WHAT THE TASK ASKS
In this exercise, write out the data word for word and leave every image out.

AVAILABLE DATA
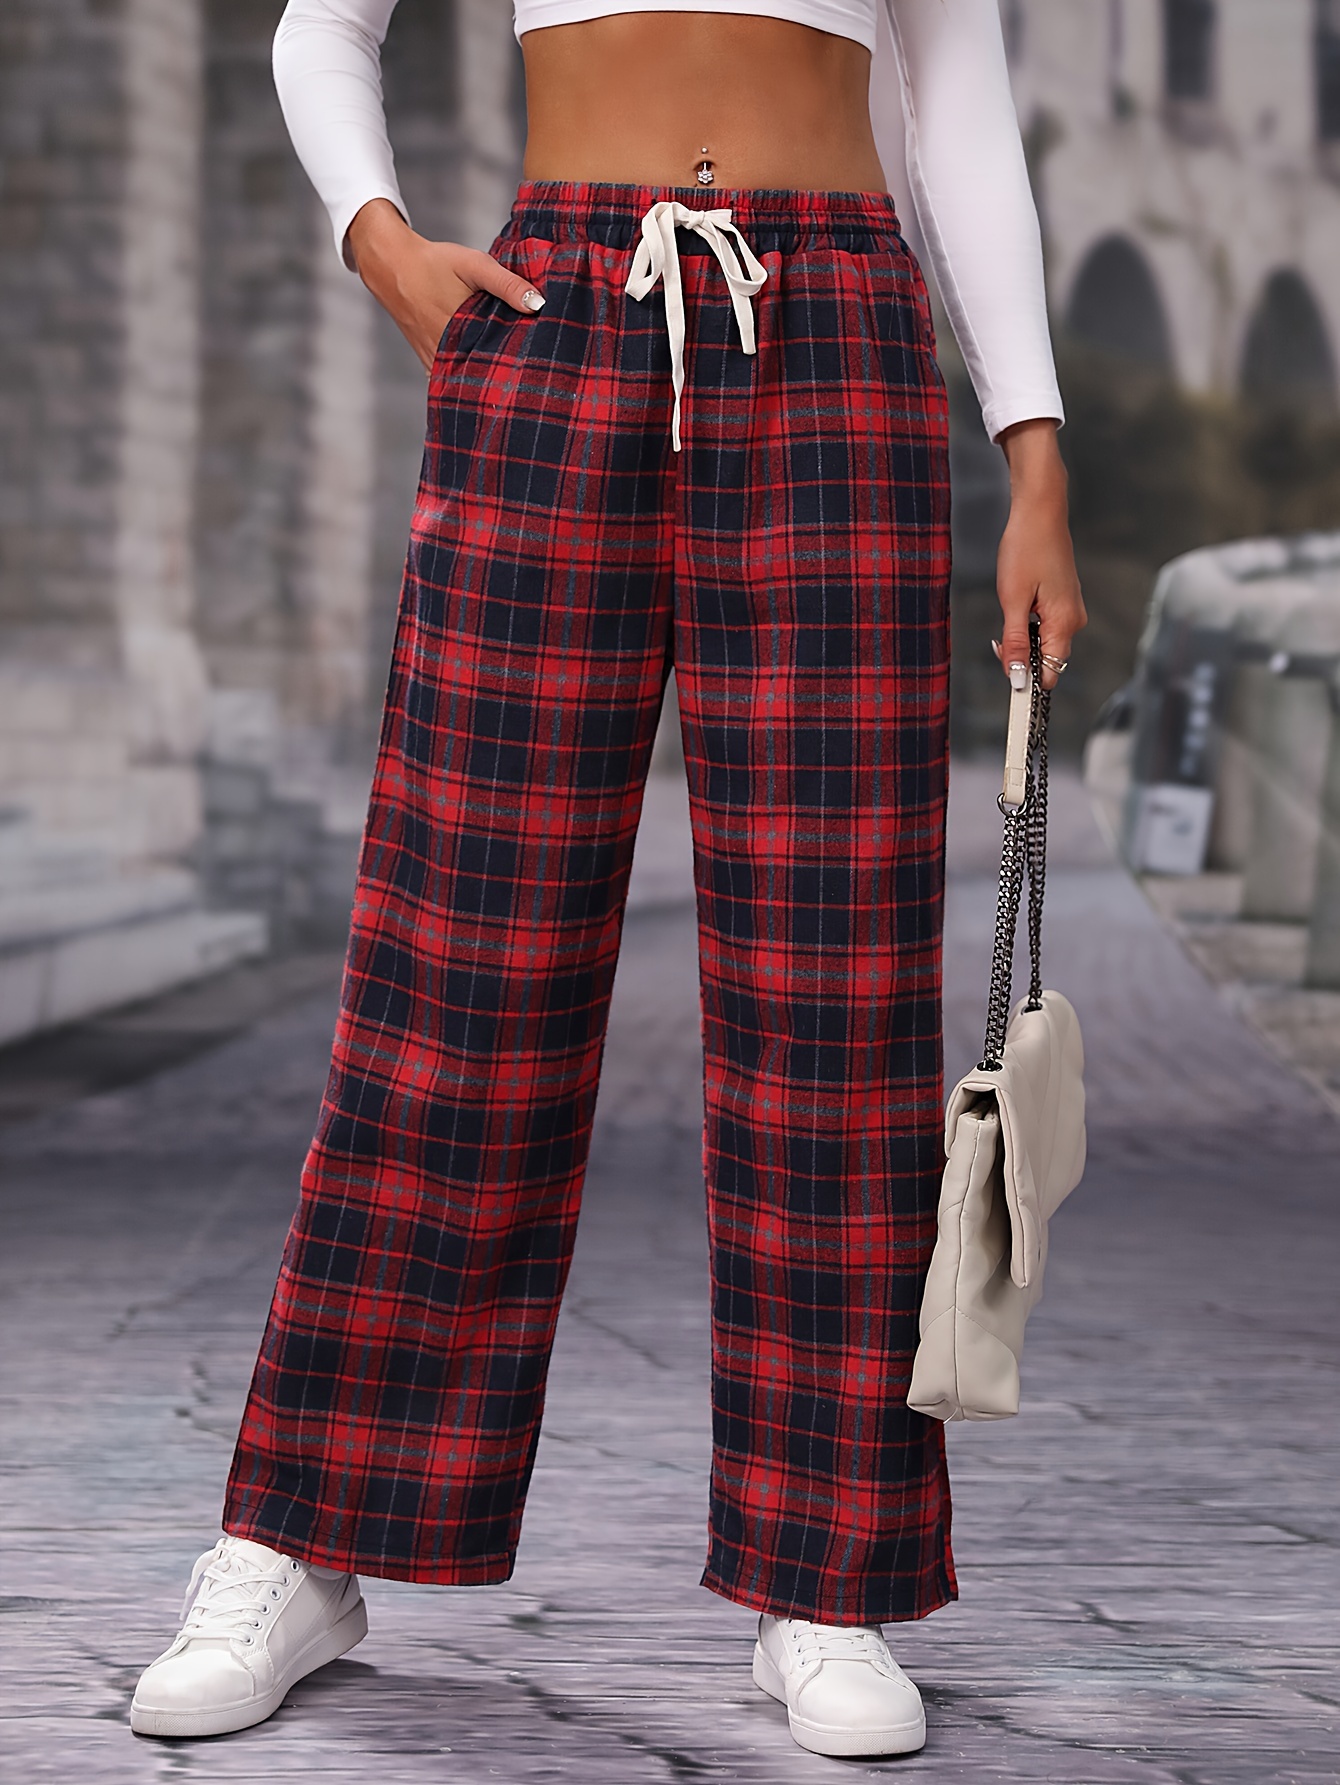 Syiwidii vintage plaid pants elastic waist pants women high waist
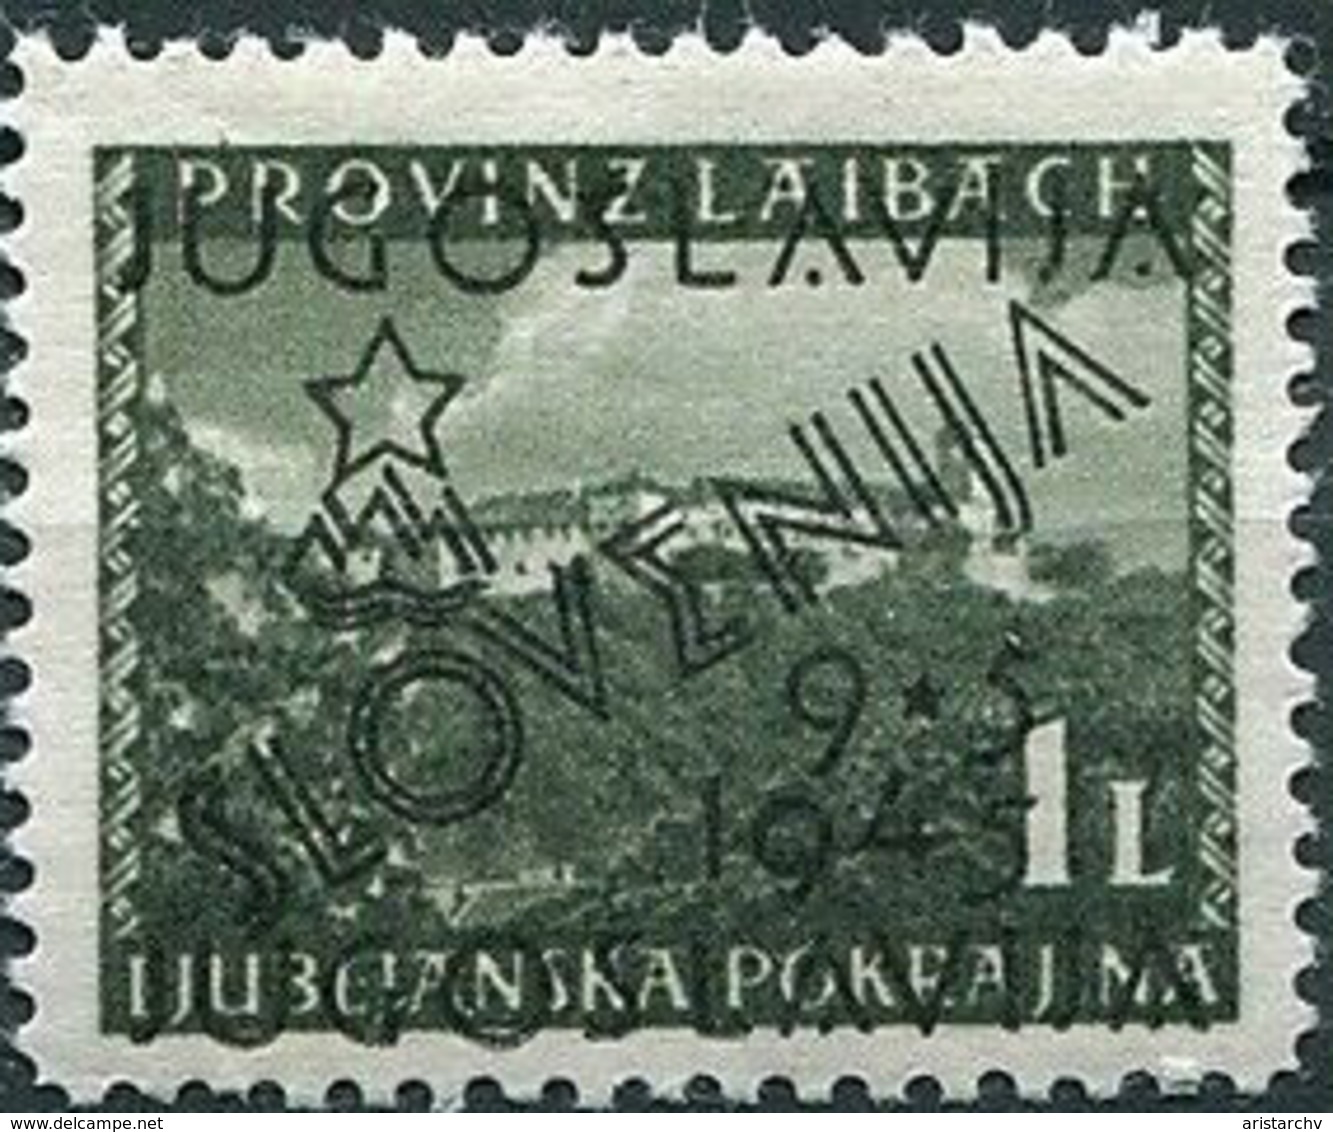 PROVINZ LAIBACH OVERPRINT YUGOSLAVIA SLOVENIA 9*5 1945 12 STAMPS
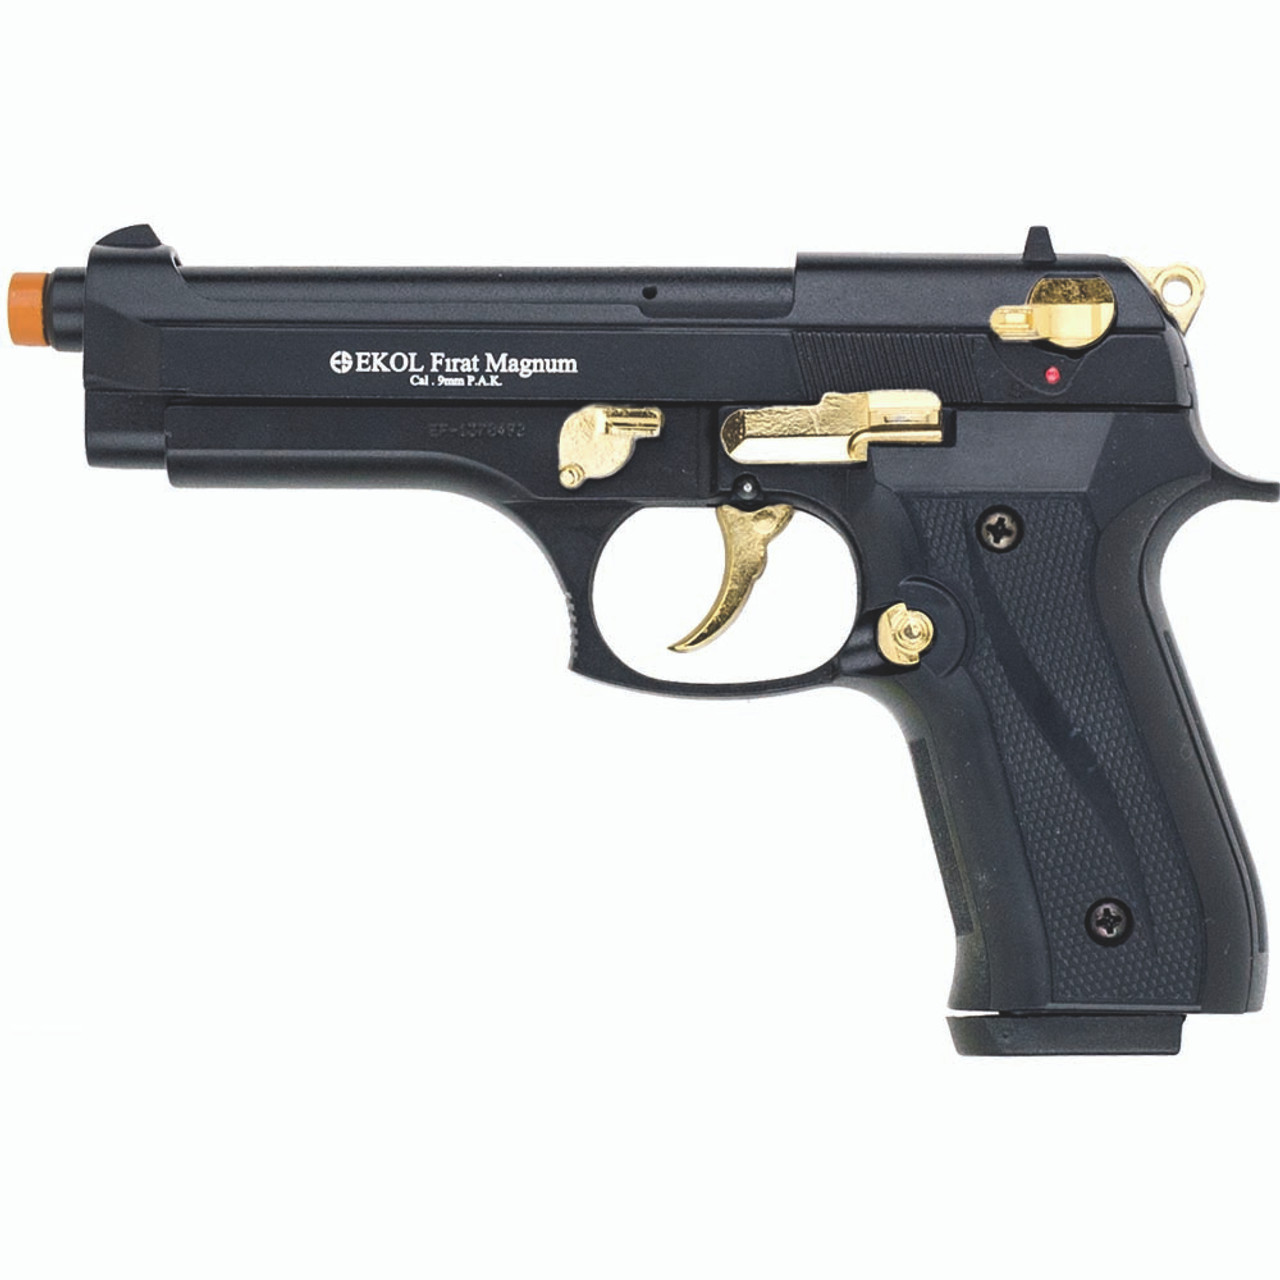 Pistola Fogueo Ekol Firat Magnum Satinada dorada labrada 9mm
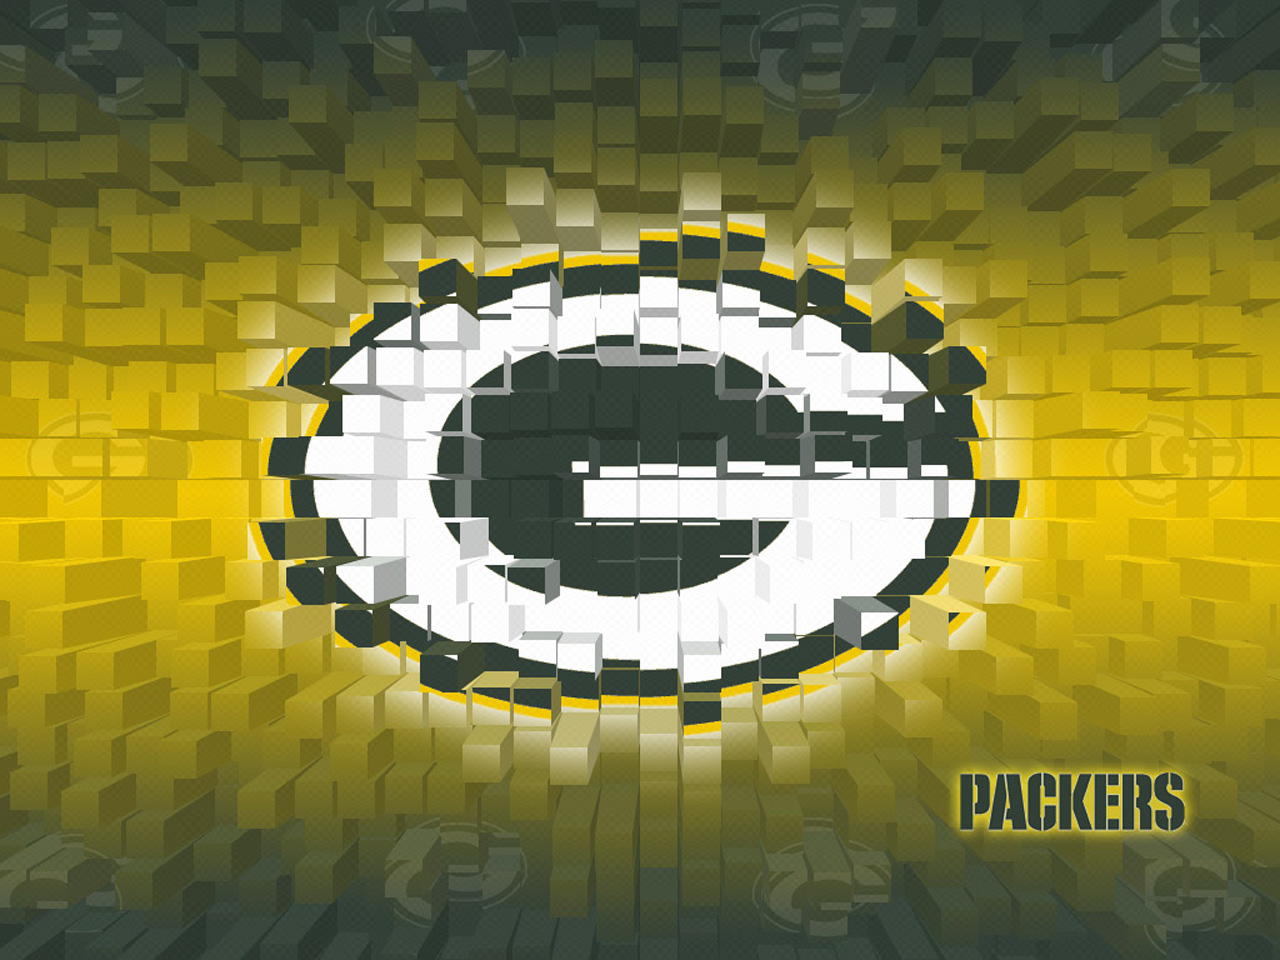 Wallpaper De Green Bay Packers Image
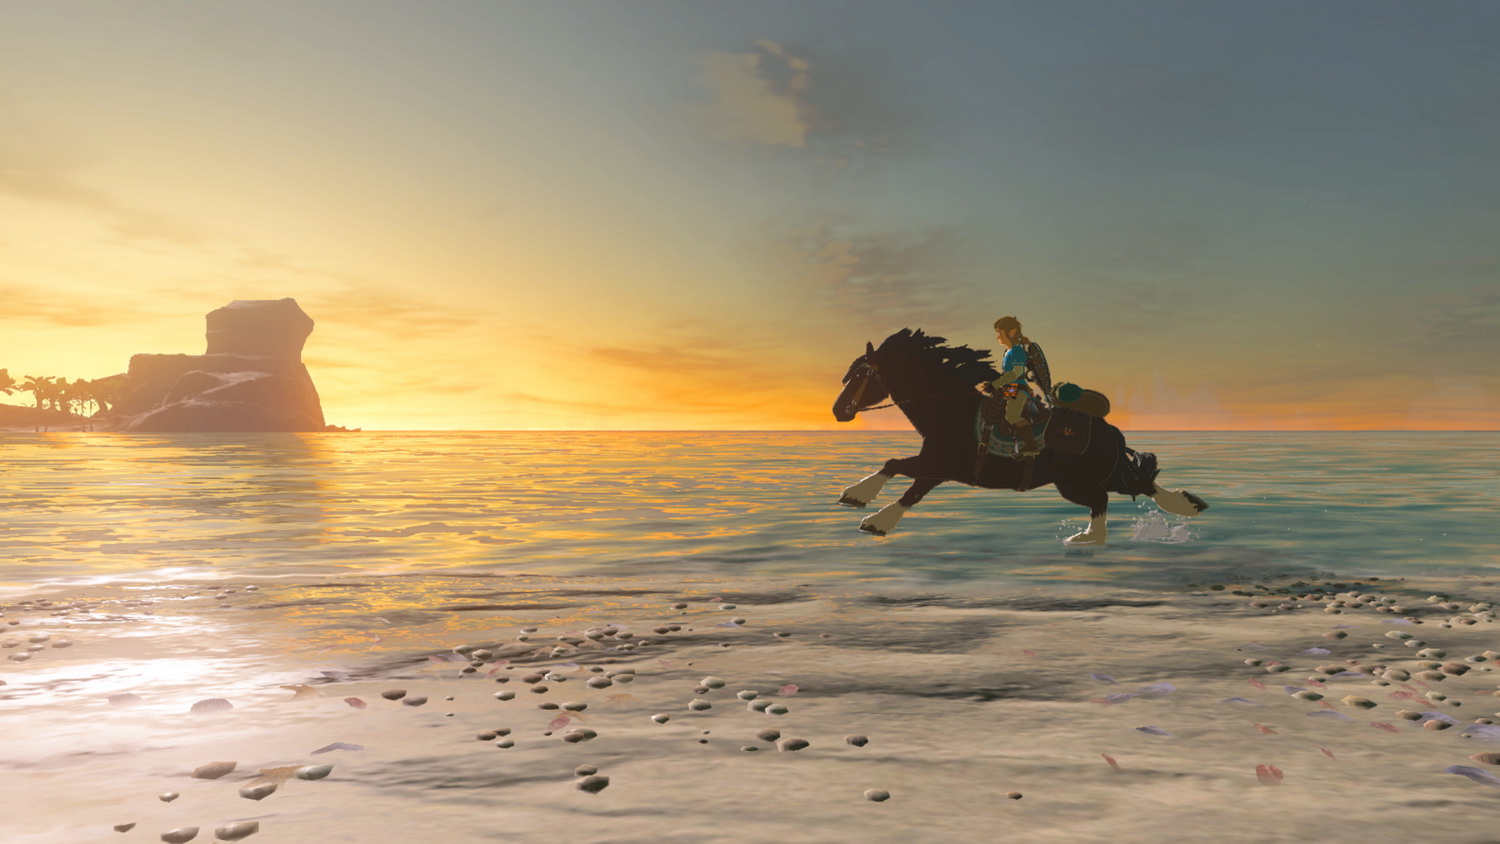 Canvastavla The Legend of Zelda: Breath of The Wild - Sunset

OUTPUT OF THE TASK
 Syiwidii vintage plaid pants elastic waist pants women high waist
 PROVINZ LAIBACH OVERPRINT YUGOSLAVIA SLOVENIA 9*5 1945 12 STAMPS
 Pistola Fogueo Ekol Firat Magnum Satinada dorada labrada 9mm
 Wallpaper De Green Bay Packers Image
 Canvastavla The Legend of Zelda: Breath of The Wild - Sunset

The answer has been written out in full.